Они сидели молча, выжидая, но он больше ничего не сказал. И тут они увидели, что он плачет. Лицо его не изменило выражения, но слеза – единственная, – жемчужно отсвечивая, упала на иссохшие руки. Он смотрел на нее, словно не понимая, что это такое. Потом сказал:

– Он был мне хорошим сыном. Было время, когда он уехал в колледж, в Лондон, мы утратили связь. Он писал нам письма – матери и мне, но домой не вернулся. Но все эти последние годы, теперь, когда я один, он обо мне очень заботится. Я не жалуюсь. Я думаю, он оставил мне сколько-то денег, и пенсию я получаю. Но очень тяжело, когда молодые уходят первыми. И кто теперь будет за мной приглядывать?

Дэлглиш тихо сказал:

– Нам надо осмотреть его комнату, проверить документы. Комната заперта?

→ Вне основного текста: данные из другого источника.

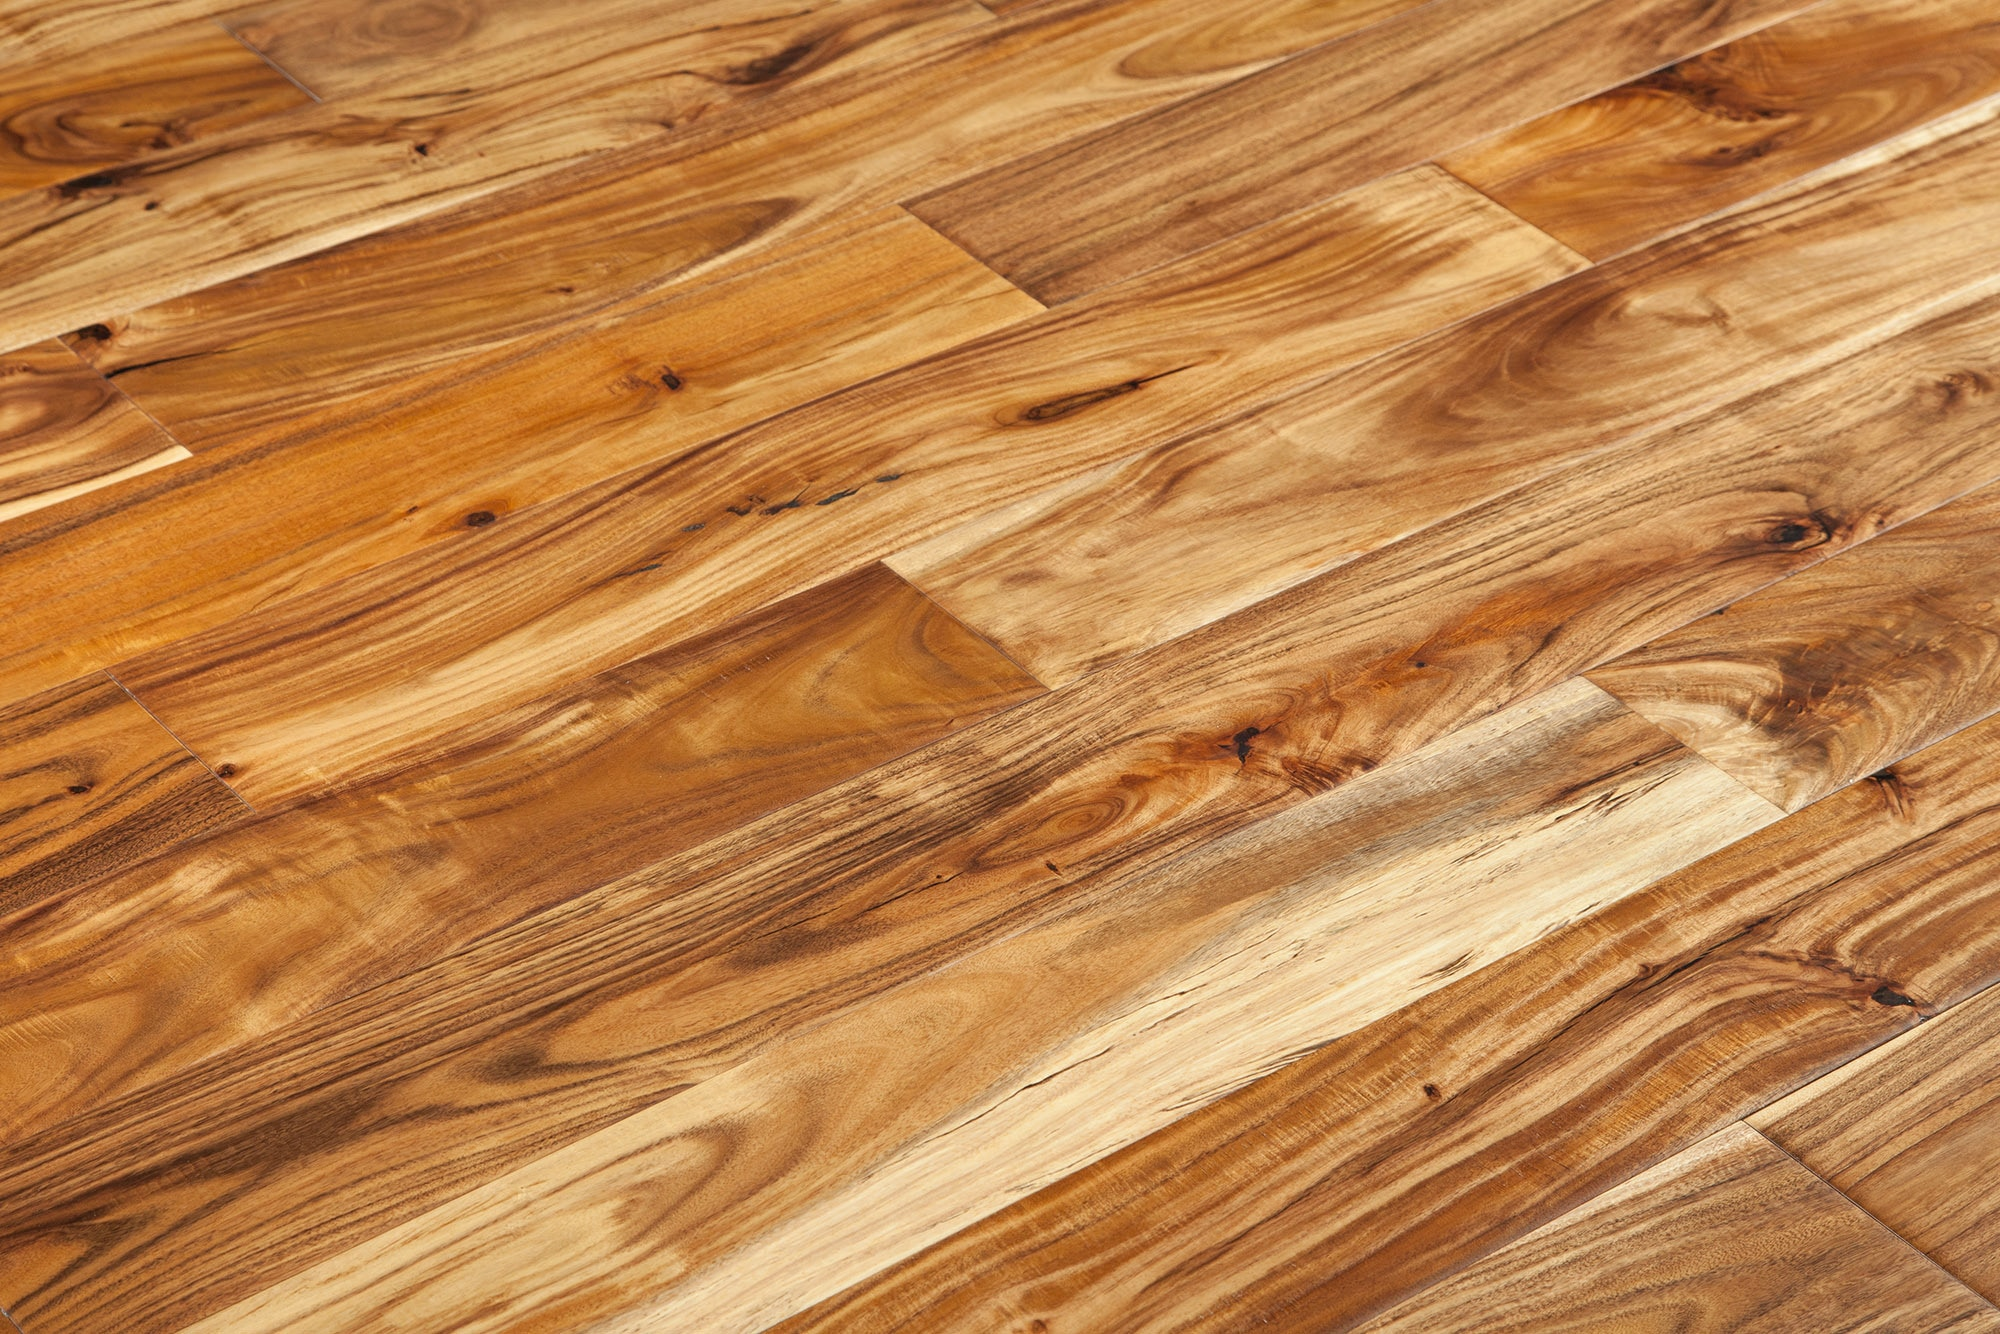 Mazama Hardwood Flooring Exotic Acacia Collection Handscraped
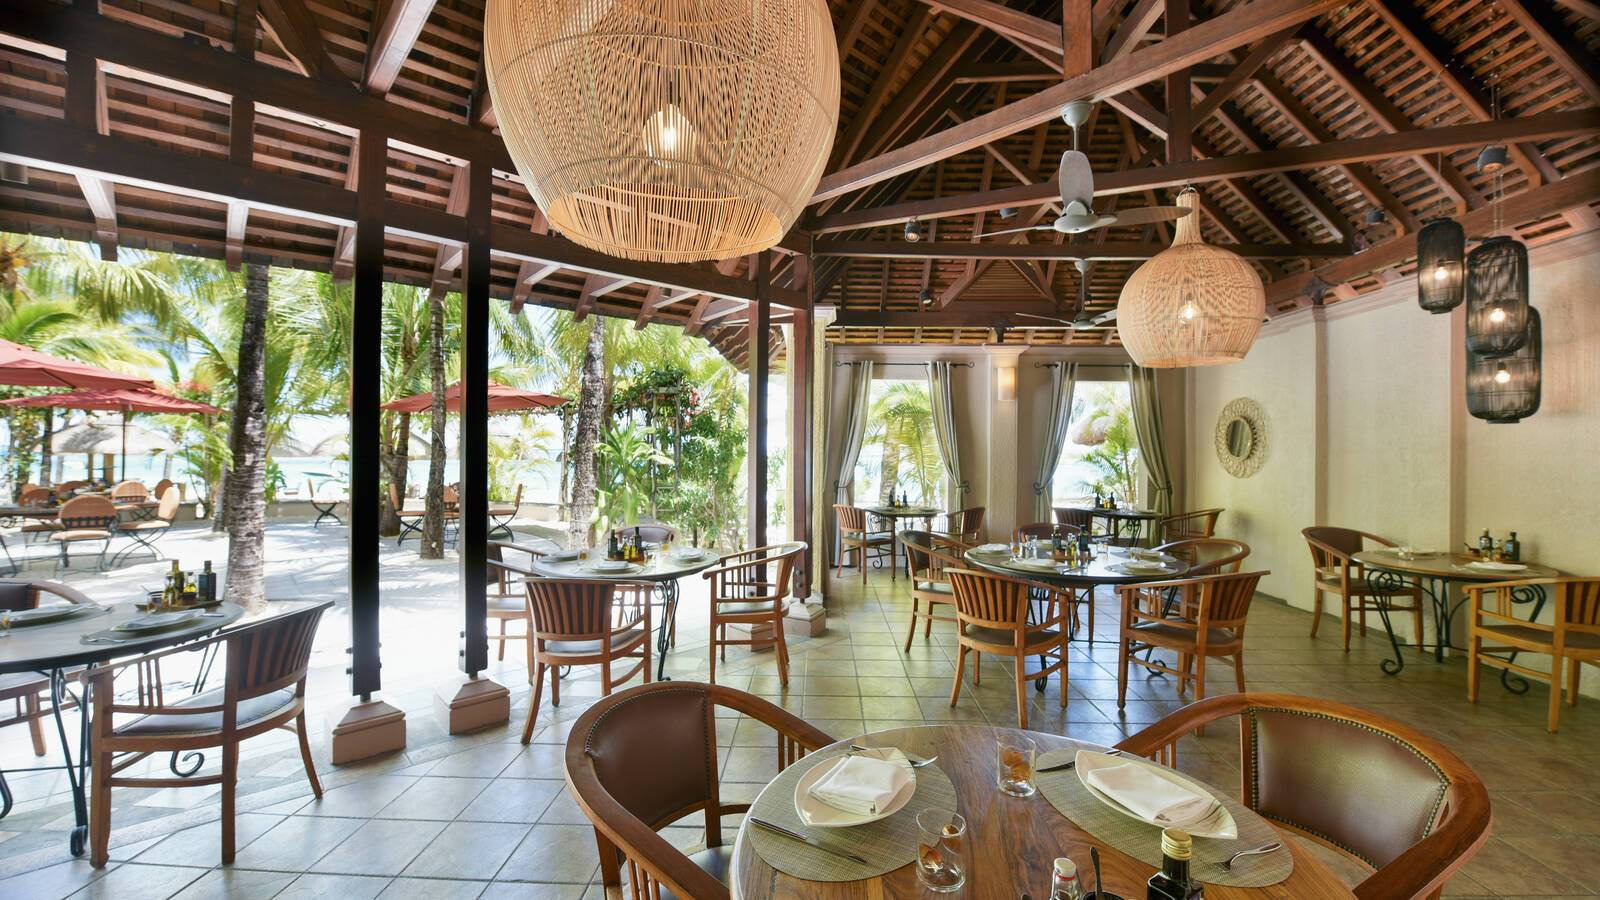 Paradis Beachcomber Restaurant La Palma Maurice

– Заперта? Зачем ее запирать? Никто туда не заходил, только Эдвин.

Дэлглиш кивнул Мэссингему, и тот вышел – позвать миссис Суоффилд. Потом они отправились наверх.

Глава 2

Комната была длинная, с низким потолком и белеными стенами; окно в створной раме выходило на прямоугольную, заросшую нестриженой травой лужайку, а за ней виднелась пара старых суковатых яблонь, ветви которых гнулись под тяжестью плодов, сверкающих золотом и яркой зеленью в лучах осеннего солнца; разросшаяся живая изгородь была усыпана ягодами, а дальше за всем этим высилась ветряная мельница. Даже в приветливом свете послеполуденного солнца мельница представала меланхолическим реликтом былой красоты и силы. Краска хлопьями осыпалась со стен, а огромные крылья с разошедшимися, словно гнилые зубы, а кое-где и выпавшими планками тяжело и неподвижно зависли в неспокойном осеннем воздухе. За мельницей тянулись поля – бесчисленные акры черной почвы Болот, разделенные дамбами вывернутые осенней вспашкой жирные комья земли поблескивали в солнечных лучах.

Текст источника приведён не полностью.